Optimal reorientation of a spacecraft's orbit using a jet thrust orthogonal to the orbital plane

Abstract

The problem of the optimal control of the orientation of a spacecraft's orbit using magnitude-constrained control, i.e., the jet thrust vector perpendicular to the orbital plane, is considered. Under such control the spacecraft's orbit rotates in space as an unalterable (non-deformable) figure. A combined functional, equal to the weighted sum of the reorientation time and an integral quadratic (with respect to the control) quality functional, or equal to the weighted sum of the reorientation time and the control momentum (the characteristic velocity) during reorientation of the orbit serves as an optimality criterion. A quaternion differential equation of the orientation of the orbital system of coordinates and the maximum principle are used to solve the problem. A differential boundary-value problem with a dimension of ten is formulated to construct the optimal control and the optimal trajectory for reorientating the orbit. Control laws that satisfy the necessary optimality conditions are obtained (in the form of functions of conjugate variables). Quaternion and scalar first integrals of the equations of the problem are found, and transversality conditions that do not contain Lagrange undetermined multipliers are devised.

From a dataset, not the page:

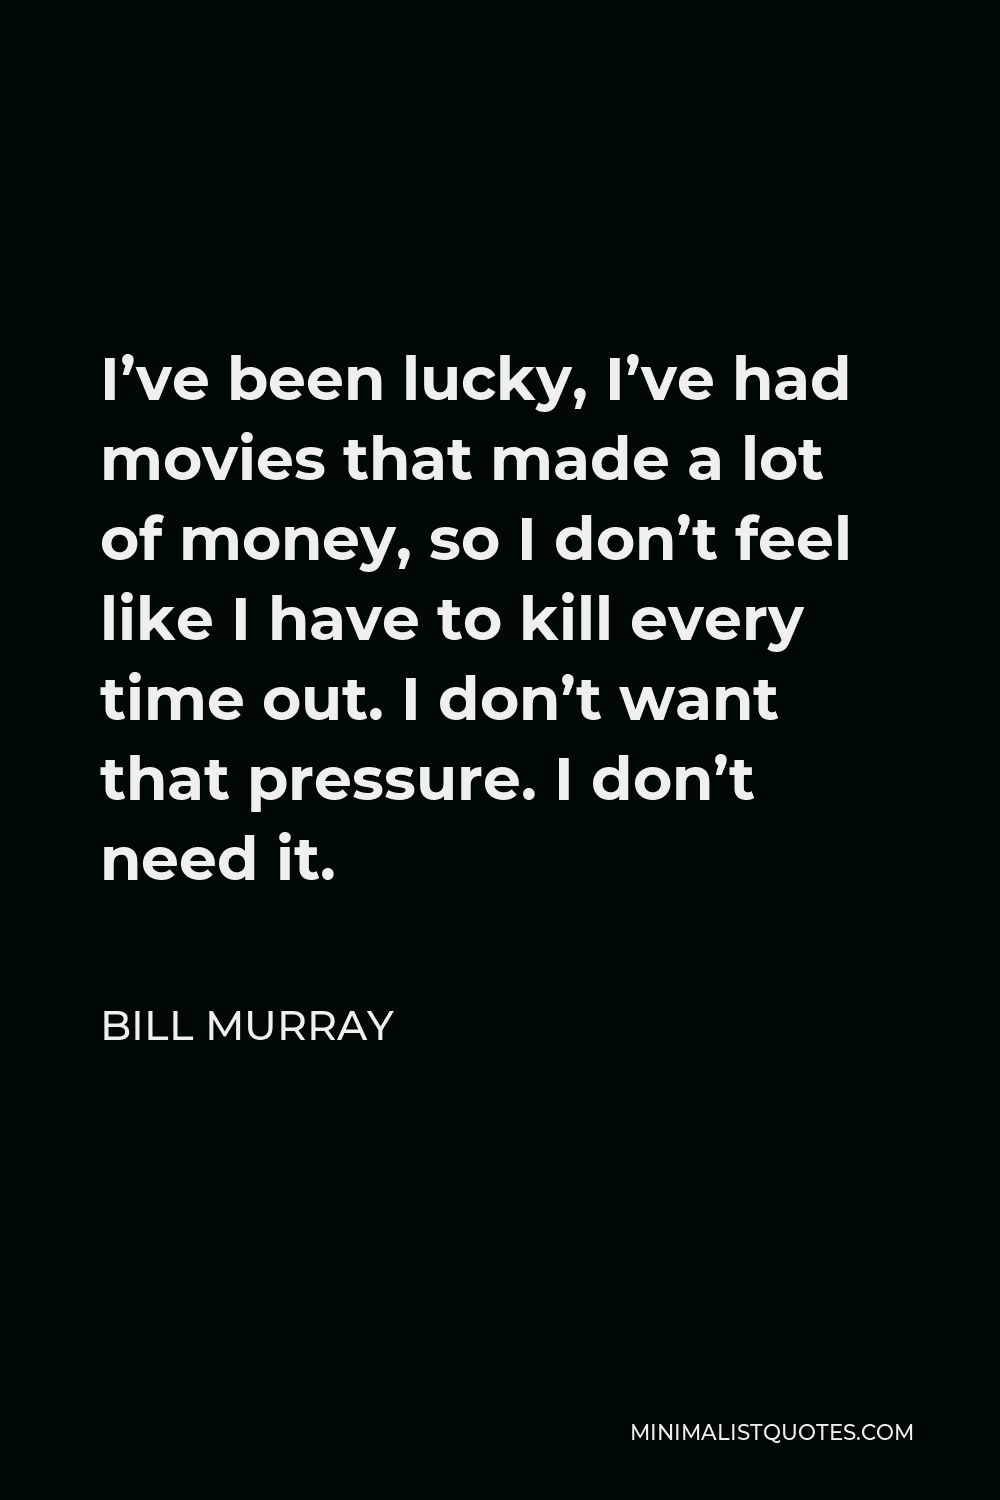 Bill Murray Quote - I’ve been lucky, I’ve had movies that made a lot of money, so I don’t feel like I have to kill every time out. I don’t want that pressure. I don’t need it.
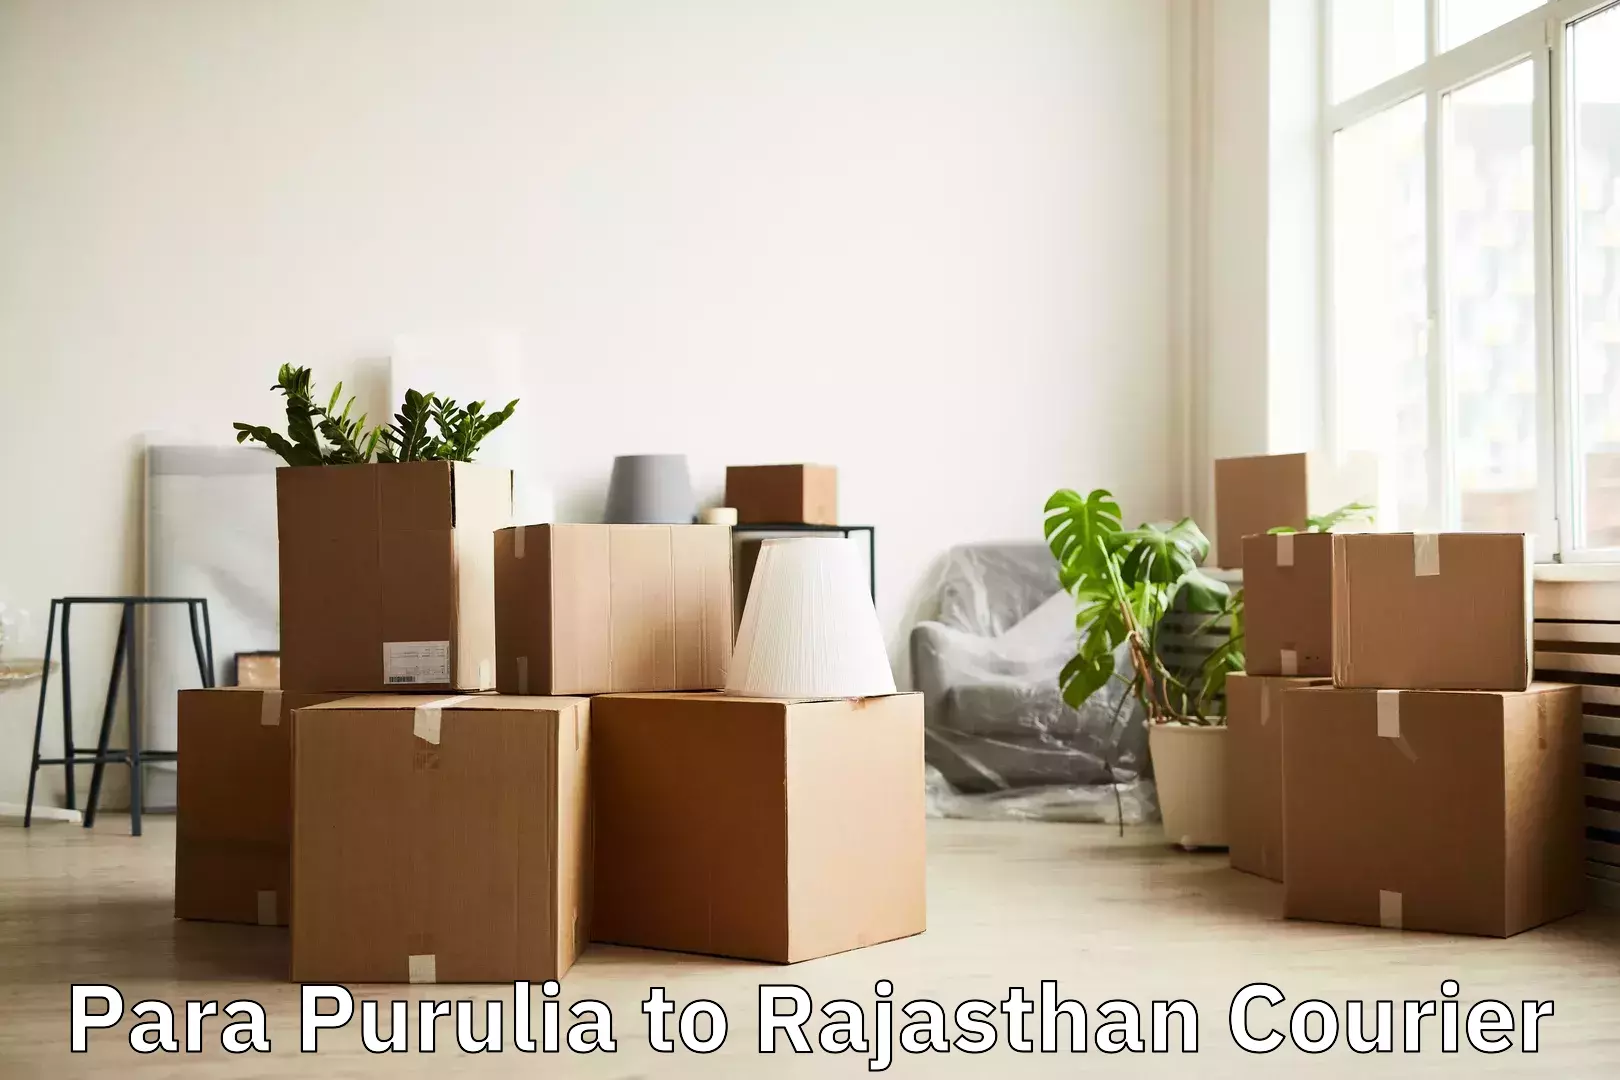 Personal effects shipping in Para Purulia to Mathania

It is shown that the original boundary-value problem reduces (with simultaneous simplification of the equations of the problem) to a new boundary-value problem of a smaller dimension equal the three, whose equations for a circular orbit in the case of maximum speed are integrated in trigonometric functions. Such a reduction is possible owing to the self-conjugation of the quaternion differential equation of the orientation of the orbital system of coordinates of the spacecraft and the use of a new quaternion variable that is related to the quaternion first integral by a rotational transformation. It is found that the switching function of the control is described by a system of three first-order differential equations, which reduce to a linear inhomogeneous second-order equation with constant coefficients for a circular orbit in the time-optimal case and to the Duffing equation in the case of an integral quadratic quality functional. It is also shown that for a circular orbit in the time-optimal case the problem reduces to solving a third-order non-linear algebraic system. An example of a numerical solution of the problem is presented. ©2012.